Worktrees
How Orca turns every feature or bug into its own git worktree.
Orca is worktree-native. Instead of branching and stashing on one checkout, every task gets its own on-disk copy of the repo via git worktree. This is what makes parallel agents safe — they never step on each other's files.
The model
- Each repo has a base ref (usually
origin/main). - Each worktree has a start-from ref — what it branches off.
- Each worktree has its own branch, its own files on disk, and its own agent terminals.
- Deleting a worktree removes both the directory and the branch (with confirmation).
Per-feature lifecycle
- Create — task name, start-from picker, optional Linear/GitHub issue link.
- Work — agent terminals, editor tabs, browser tabs, terminal panes all scoped to this worktree.
- Review — diff view against the start-from ref, Annotate AI Diff, Attribution.
- Ship — commit, push, open PR, wait on checks — all inline.
- Archive or delete — one click removes the worktree and branch.
Start-from picker
When creating a worktree you pick what to branch from. This can be:
- The repo's base ref (the fast path).
- Another local branch — useful for stacking work on top of a PR in review.
- A specific commit SHA.
- An existing remote branch — Orca will fetch and check it out.
Sidebar layout
The sidebar groups worktrees by project by default — top-level rows are projects (one project = one git repo or a related cluster), expanded into the worktrees you're actively working on. The header has its own filter input (separate from the global search) so you can narrow the list without leaving the sidebar.
A Search button at the top of the sidebar opens Worktree Jump Palette (Cmd-J) — same surface, click-driven for users who don't lean on the keyboard for navigation. The status bar shows agent activity inline; unread worktrees are bolded rather than badged.
When you have many repos, the header's filter control opens a searchable popover — type to narrow the visible repos by name, toggle individual repos on or off, and the sidebar updates as you type. Newly-added repos that match the active query show up immediately.
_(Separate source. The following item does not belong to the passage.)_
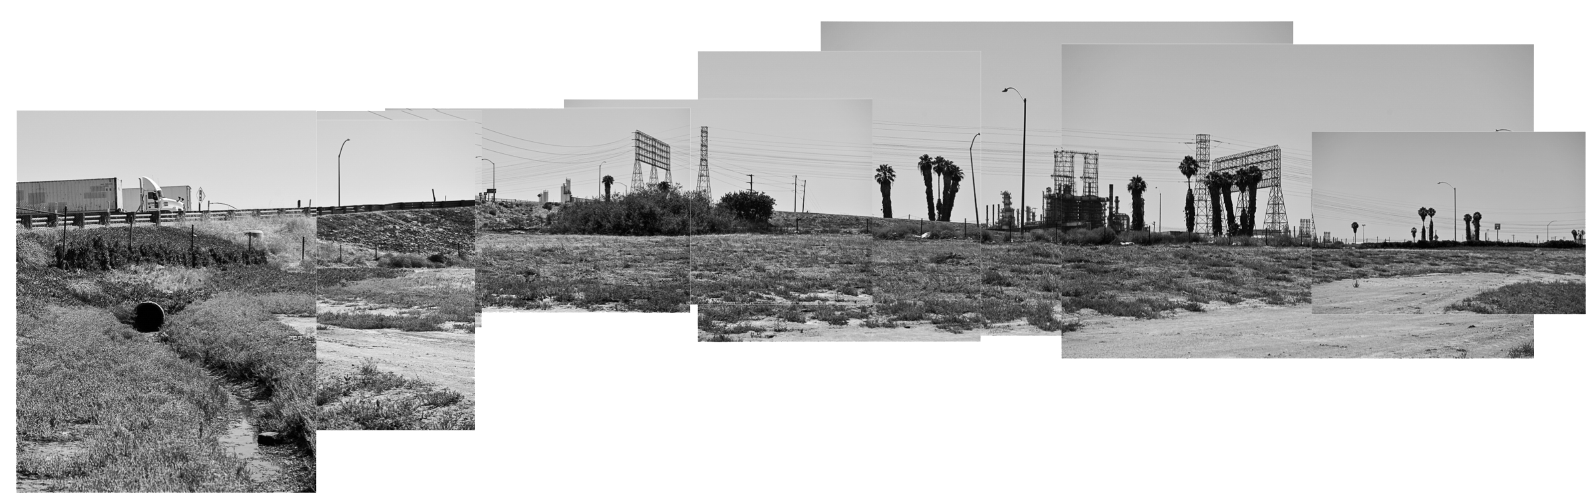 Black and white panoramic image made from multiple photos of land next to a highway with palm trees in the distance

You can pin a worktree to the top of its project to keep long-running work in view, and right-clicking a worktree exposes archive / sleep / delete actions. Repo rows themselves can be reordered by drag — grab a project header and drop it where you want it; the order persists across restarts.
Using plain git
Every Orca worktree is a real git worktree. You can open a terminal in it and use git status, git rebase, git cherry-pick, and anything else — Orca picks up the changes next render.